It's easy to point fingers at the OAA and the clubs Ted but bottom line is, trad shooters aren't turning out to trad shoots or provincial shoots so when clubs stop holding them and just have open shoots we all know why.


----------



## CLASSICHUNTER (May 20, 2005)

not pointing at oaa other than they should make sure CLUB applying can put on a well run thought out tournament... because in the end it reflects on the oaa.. imho I don`t know why you say trad is on the way out actually numbers are up in Canada.. I know in uk 75o/o shoot trad andn 25 shoot compound... but we are influenced by bow manufacturers which are mainly compound in north America..thats why..


----------



## crazymoose (May 17, 2005)

I know the group of trad shooters that I shoot with don't go to many tournaments,but when we do get together we have to go out in 3-4 groups of 4 to shoot.
Maybe if some of the hunting shows had more trad hunts than things might change.
I know from the retail side,it's difficult to purchase trad gear as everything is on back order due to high demand.
Just look at the ads and most of it is compound related as most of the hunting shows too.
I believe that trad is very big and strong but is like a sleeping giant.
My 2 favorite shoots to attend even though they are open to all classes are the P&P Charity Tournament and the Running Bear which have a large showing of traditional shooters.


----------



## Bigjono (Apr 21, 2009)

I believe recurve and longbow are as popular as ever. I think metal recurves are more popular with the kids now though. It's getting the people out to shoots that is my point.

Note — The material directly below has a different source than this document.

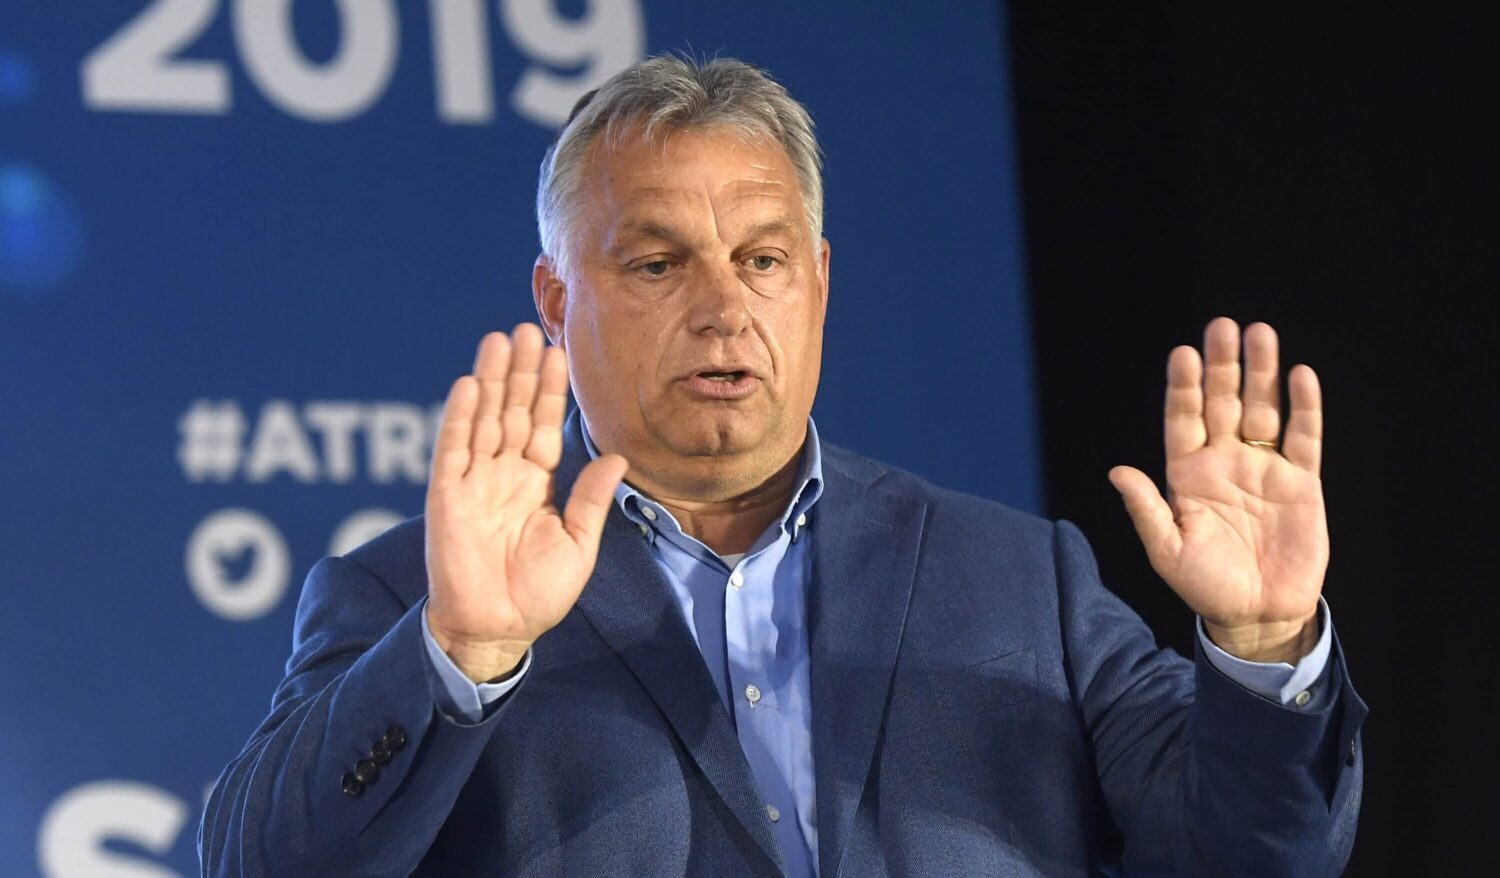 Meloni che piega Orbán L’ultima balla a rotative unificate. Elogi per la mediazione di Giorgia ma è Viktor che ha fregato l’Ue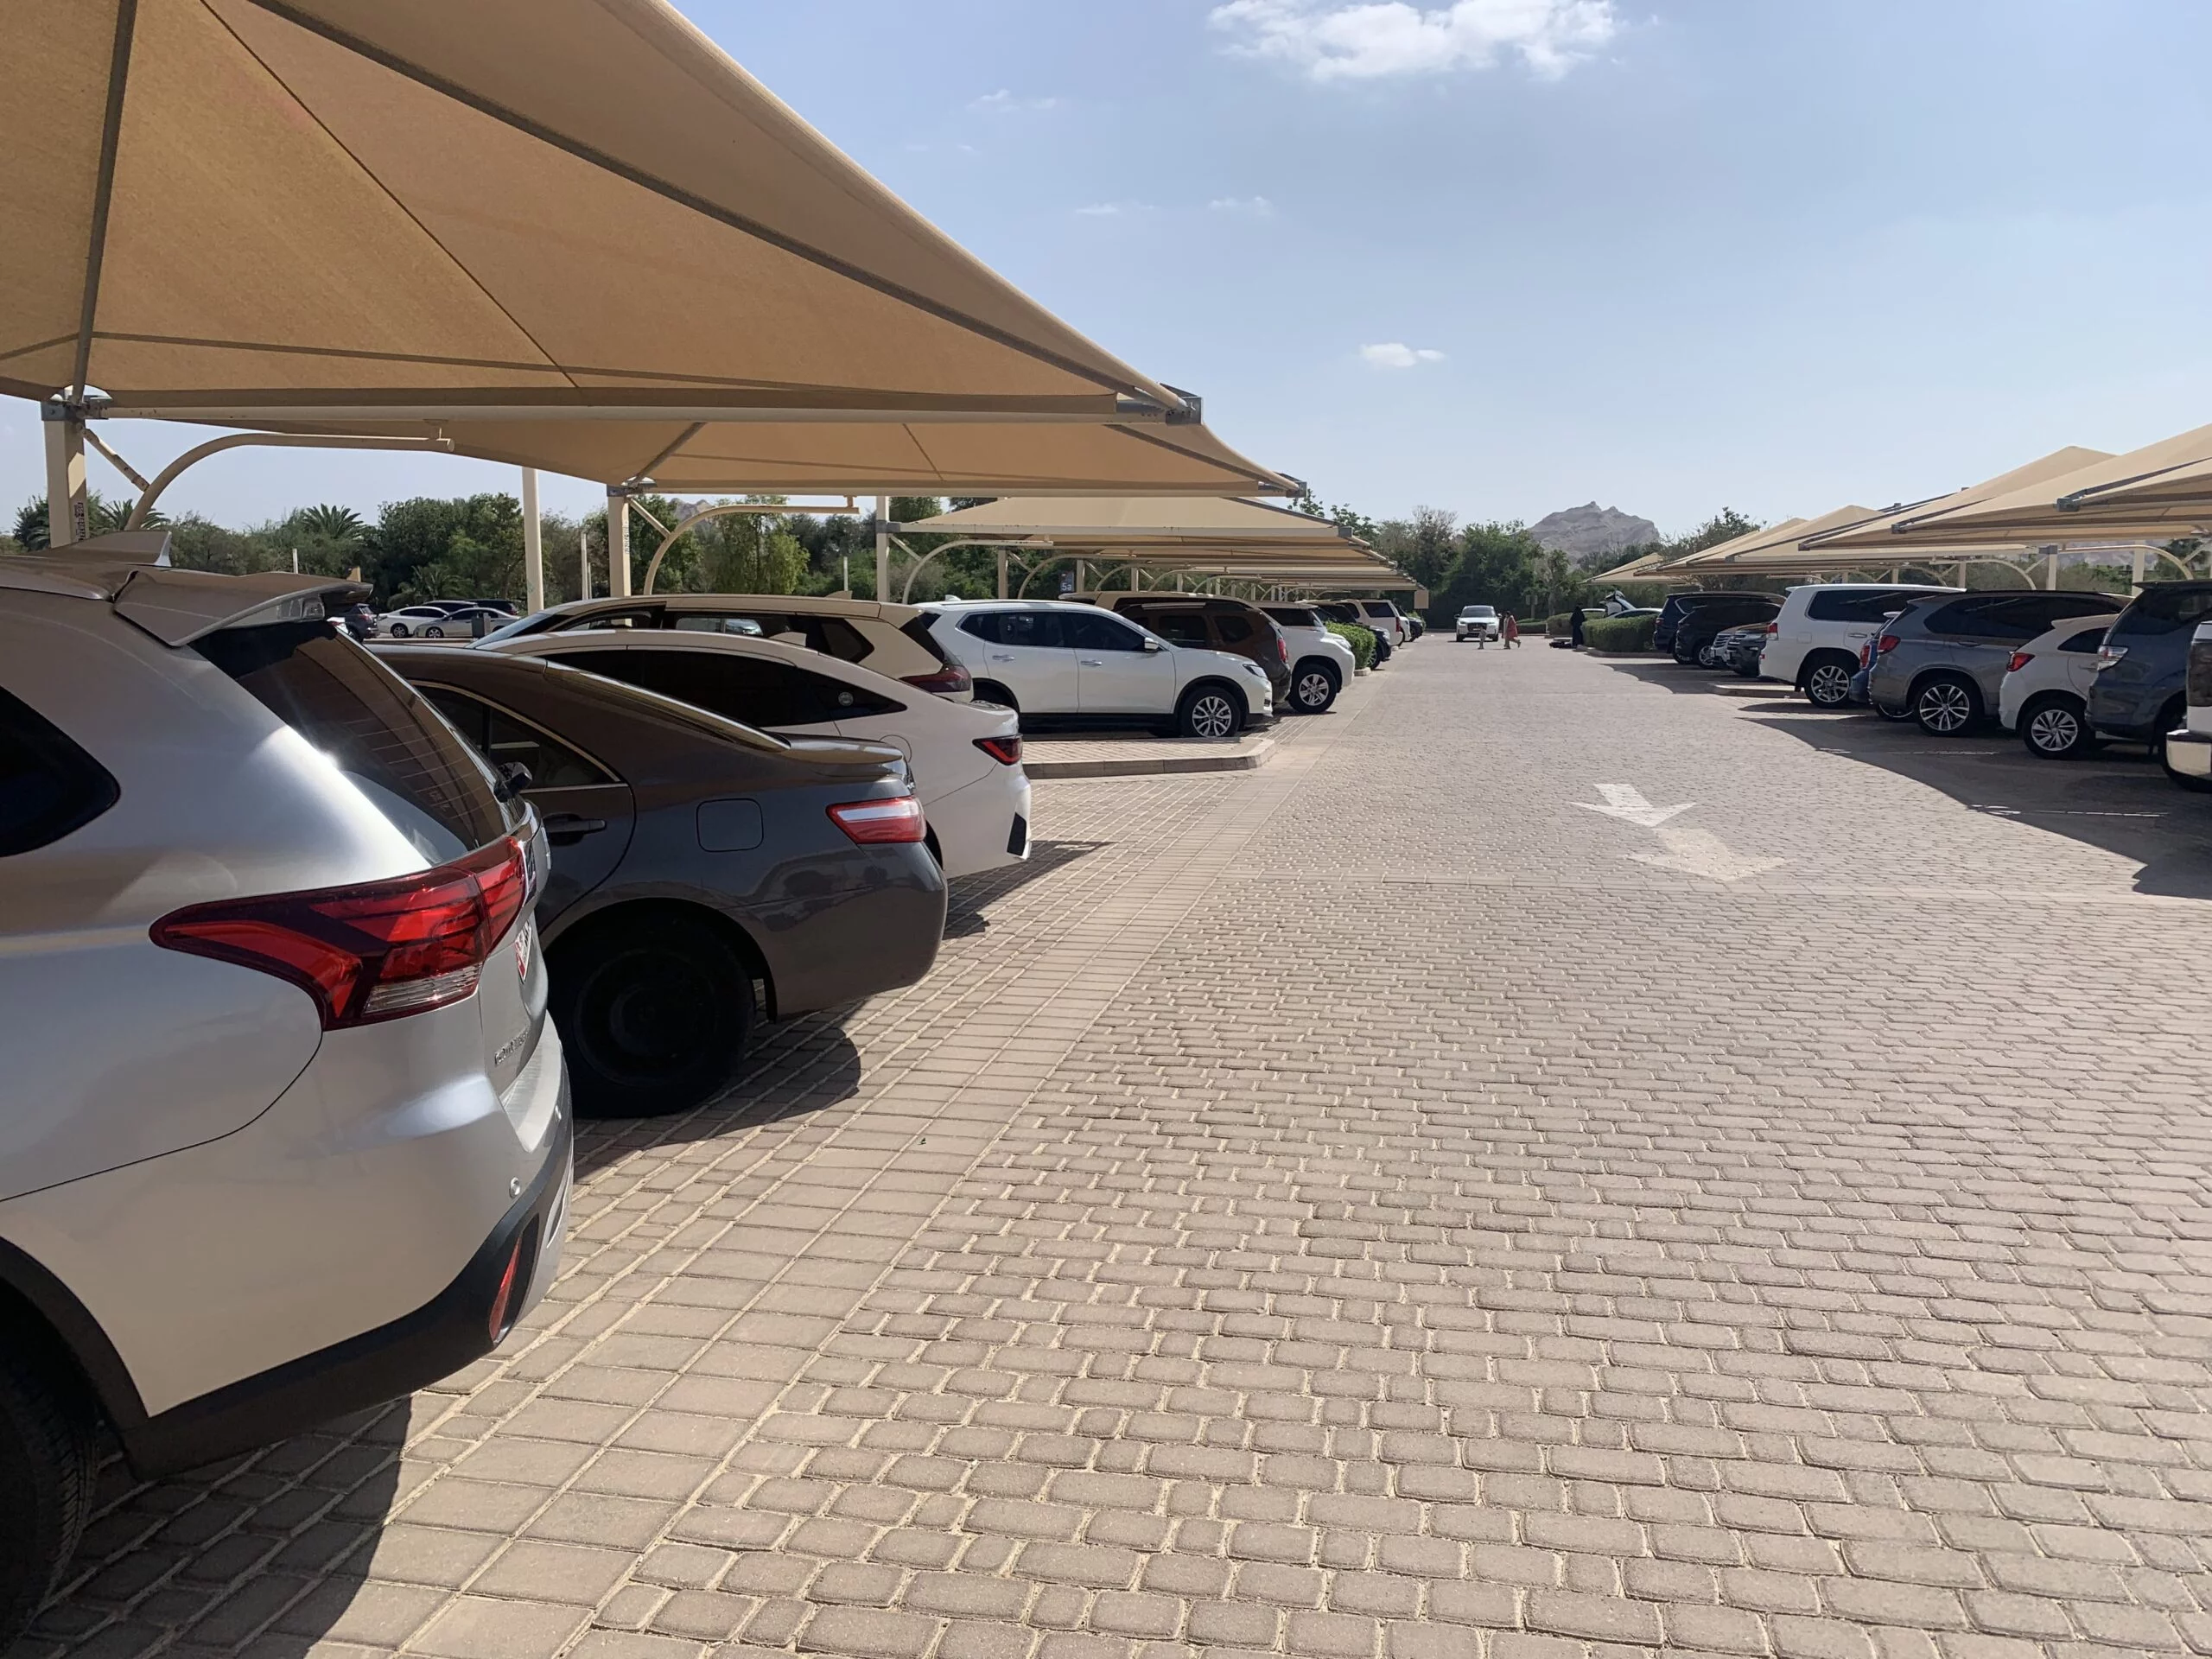 Free Parking - Al Ain Zoo

Most people at my club shoot Trad but it's mainly just 2 of us that travel to shoots. When clubs start getting 9 or 10 guys show up for trad shoots, they are not going to bother next year are they.


----------



## CLASSICHUNTER (May 20, 2005)

part of this is trad guys are pretty down to earth.. some its financial basic`s they fish cut grass spend time with the wife etc etc just a slower pace .. they don`t have to go out and win a tournament every weekend .. bigjono .. seems you think trad is going out.. when actually you have heard it is growing.. I know if I am correct you are from the uk and fairly new to Canada.. where trad is secondary shooting style compared to the uk....instead of beating this issue to death ..why not promote new ways to get people out.. HELP NOT HINDER.... imho ...all your posts are about trying to change existing classes .. which are pretty cut and dry.. come up to the Ottawa area we have great trad shoots ... chelsa quebec .... has about 175 shooters for their 2 day trad shoot ...and its all about fun..and of course pandp archery tournament


----------



## crazymoose (May 17, 2005)

Speaking for myself I don't attend many shoots due family obligations and finances. 
With 3 children involved with part time jobs and Air Cadets our responsibilities have changed this year.
My wife and I will try to get out to shoots if our time table allows.
There is also the cost factor as mentioned previously for fuel,registration,and lodging in some cases.
I believe the cost factor affects all forms of tournament archery and for some to attend these shoots may have to drive for hours in Ontario
to get to these clubs. Sometimes the old bank account controls a lot of what we do.
But for now I'll keep shooting my trad gear and support the sport and clubs when I can.
Have a great season everyone!!


----------